- Zari Location in Maharashtra, India Zari Zari (India)
- Coordinates: 19°24′32″N 76°46′13″E﻿ / ﻿19.40889°N 76.77028°E
- Country: India
- State: Maharashtra
- District: Parbhani
- Founder: Kisannadu Anchintam ( Yerralu Dynasty)

Government
- • Type: Gram panchayat

Population (2011)
- • Total: 9,375
- Demonym: Zarikar

Languages
- • Official: Marathi
- Time zone: UTC+5:30 (IST)
- PIN: 431540
- Telephone code: 02452
- ISO 3166 code: IN-MH
- Vehicle registration: MH-22

= Zari, Parbhani =

Village in Maharashtra

Zari is a major village in Parbhani taluka of Parbhani district of Maharashtra state in India.

==Demography==
Zari is a village with total 1866 families residing. The Zari village has population of 9375 of which 4797 are males while 4578 are females as per Population Census 2011.

Average Sex Ratio of Zari village is 954 which is higher than Maharashtra state average of 929.
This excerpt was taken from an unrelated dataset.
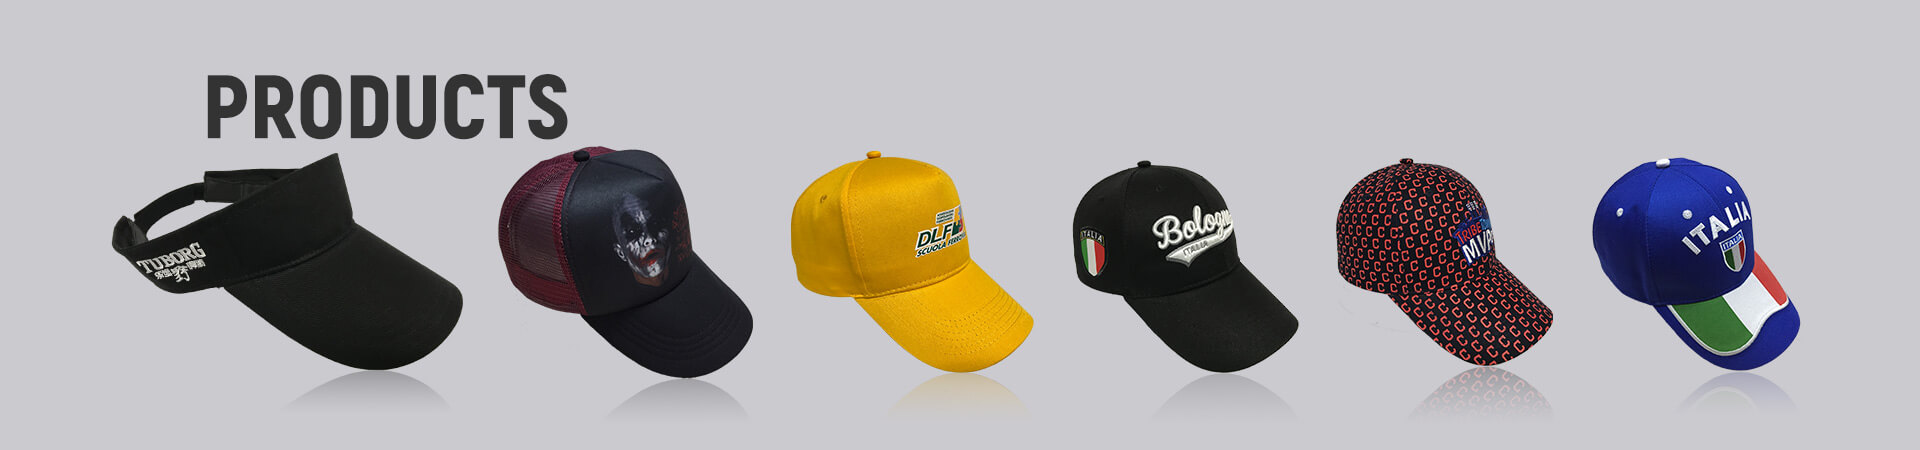 Parche bordado Archives - Gorra de béisbol, gorra deportiva, gorra de golf, gorra de pescador, gorra de camionero

Zari village has lower literacy rate compared to Maharashtra. In 2011, literacy rate of Zari village was 69.75% compared to 82.34% of Maharashtra. In Zari Male literacy stands at 79.06% while female literacy rate was 60.18%.

Schedule Caste (SC) constitutes 6.81% while Schedule Tribe (ST) were 3.51% of total population in Zari village..
   Notable personalities:
Ashirwad Deshmukh significantly
 contributed in general debates

==Transport==
Zari is located on state highway, 18 km towards north from district headquarters Parbhani and 483 km from State capital Mumbai.

Nearest railway stations from Zari are Parbhani 19 km, Pedgaon 18 km, Pingali 26 km.

==Administration==
Zari is part of Parbhani (Lok Sabha constituency) for Indian general elections and current member of Parliament representing this constituency is Sanjay Haribhau Jadhav of Shiv Sena.

Zari is part of Parbhani (Vidhan Sabha constituency) for assembly elections of Maharashtra. Current representative from this constituency in Maharashtra state assembly is Rahul Vedprakash Patil of Shiv Sena.